Katherine Neville Shares a Secret, so Don’t Tell

KATHERINE NEVILLE

Shares a Secret, so Don’t Tell

Interview by Suspense Magazine

Sometimes we get an email that surprises us. Well, when we received an email from the publicist of Katherine Neville asking us if we would be interested in interviewing Katherine about her upcoming project, we couldn’t say yes fast enough.

Katherine burst onto the scene with her book “The Eight” back in 1988. Since then she has written three more books, with her last being published in 2008. She is one of the few authors that doesn’t have to write a book every year to stay on top of her game.

We didn’t know what to expect with her exciting news, and I won’t give it away here, as Katherine herself will explain below. We were thinking it could be anything. Maybe she was going to bring out another book, or maybe she was going to visit our office, we didn’t have any idea.

For those of you that don’t know Katherine Neville, here’s a little background. She has lived and worked in several countries. Holding jobs from fashion model to portrait painter to busboy, she has seen and done quite a bit. Her books have been tough to classify into one specific genre, but they have been translated into forty languages and sold worldwide. She is also the first author to be chosen to become a member of the Advisory Board of the Smithsonian Libraries in Washington, DC.

There is so much more to talk about with her accomplishments, we would fill up the magazine with them. Instead, let’s take a quick look into her first book, “The Eight.” Then check out her exclusive interview.

A fabulous, bejeweled chess set that belonged to Charlemagne has been buried in a Pyrenees abbey for a thousand years. As the bloody French Revolution rages in Paris, the nuns dig it up and scatter its pieces across the globe because, when united, the set contains a secret power that could topple civilizations. To keep the set from falling into the wrong hands, two novices, Valentine and Mireille, embark on an adventure that begins in the streets of Paris and leads to Russia, Egypt, Corsica, and into the heart of the Algerian Sahara.

    Two hundred years later, while on assignment in Algeria, computer expert Catherine Velis finds herself drawn unwillingly into the deadly “Game” still swirling around the legendary chess set—a game that will require her to risk her life and match wits with diabolical forces.

S. MAG.: Your last book The Fire (sequel to The Eight) came out in 2008, can we expect another book soon?

K.N.: Yes, I have been working on this particular book off and on for the past 30 years. It’s about painters in the 1600s. As a former professional painter myself, it is a subject very close to my heart, and for the last 3 years, with the help of some modern masters, I’ve been painting (and writing) up a storm! I took my final research trip to Italy this past September, and I plan to deliver the initial few chapters to my long-frustrated literary agents this May. Keep fingers crossed for possible pub date in 2017.

S. MAG.: For new readers just finding out about your amazing work, where would you suggest they start?

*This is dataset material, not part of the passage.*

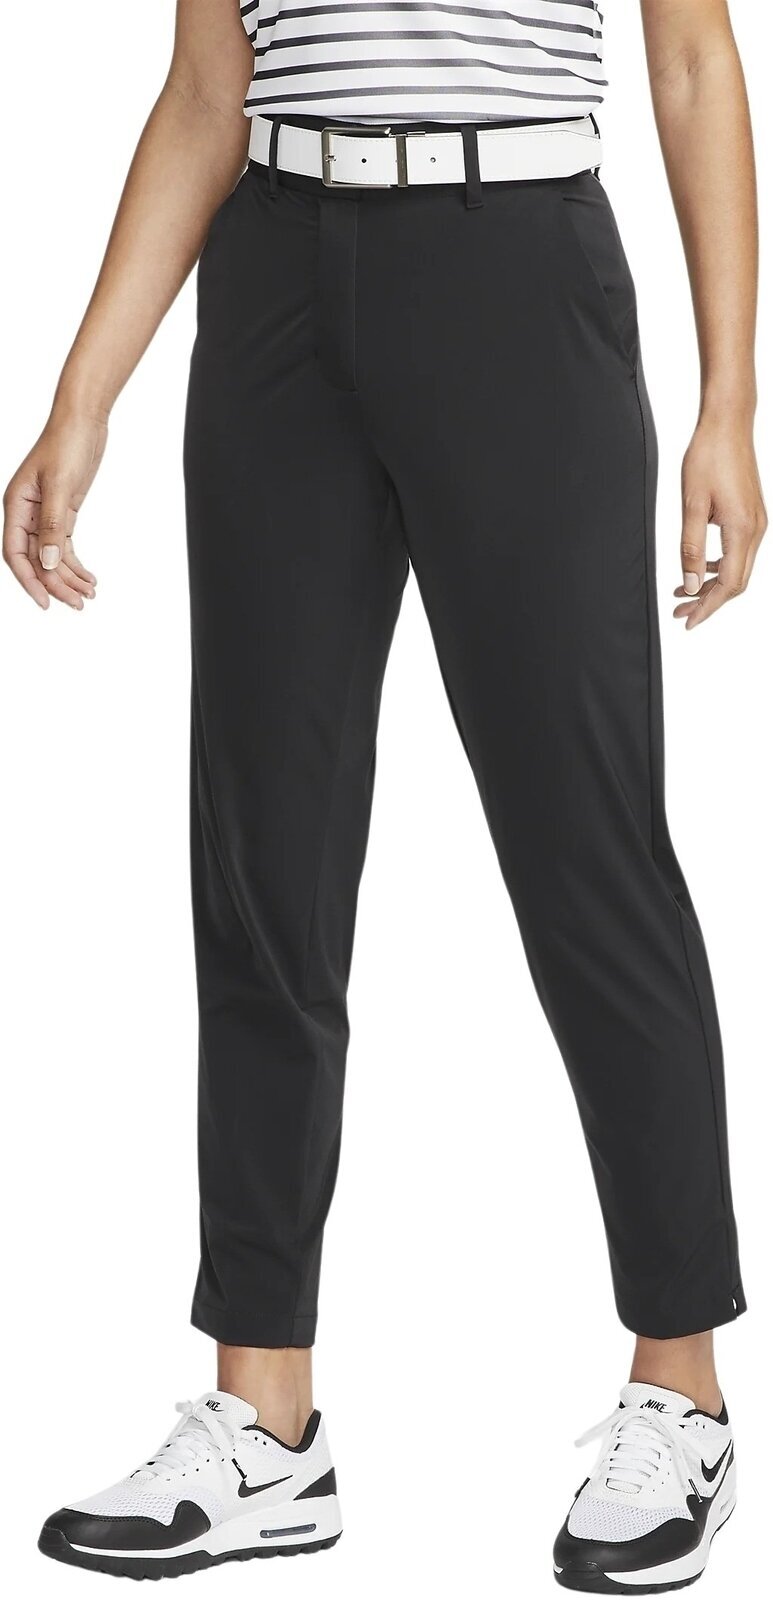 Nohavice Nike Dri-Fit Tour Womens Pants Black/White XS

K.N.: Over the years, I’ve realized that there is simply no way to describe my work. Readers love my books because they’ve discovered them on their own, and while savoring the stories, each reader extracts whatever has most engaged his/her attention. For that reason, I always recommend The Eight as a starting point for my work. It seems to appeal to readers from 9 years old to 90—and it still remains a beloved book in 40 languages around the globe!

S. MAG.: Is there a certain character in your books that you still think about and maybe will expand on further?

K.N.: Believe it or not, the character that is closest to espousing my personal POV is Ladislaus Nim, who first appears as the mentor of my heroine, Cat Velis, throughout The Eight, and who reappears as mentor to her daughter, Alexandra, in The Fire. Nim is a brain trust, an iconic/ironic figure—hence by definition, a sexy guy (think Sherlock Holmes) whose sexiness has nothing to do with biceps.

“Readers love my books because they’ve discovered them on their own, and while savoring the stories, each reader extracts whatever has most engaged his/her attention.”

I think one of the reasons that so many of my readers are male (historically, more than 65%) is that my characters, both male and female, find intellect in the opposite sex is a really appealing ingredient. Just like real life—no? So the iconic Nim will definitely be appearing in my subsequent work!

S. MAG.: When you write about characters that we have never met, how much research do you do to give them a voice for modern readers?

K.N.: I have to know everything about them. Everything. The secret is, you have to know what they ate, what they saw, what they smelled, what they heard, what they touched. You have to live inside their skin to write them as real historic entities. The one comment that interviewers always made when I was a new author was: Your scenes are so immediate, I felt I was walking around inside the book. And your characters: Catherine the Great, Napoleon—his sister, his mother, his grandmother— you made them all seem so real! When I would reply: “Well, they were real…” people would pause, and say, Yes, yes of course they were!  History books and biographies rarely show us what historic figures must have experienced. Only fiction can draw you, with immediacy, into their world.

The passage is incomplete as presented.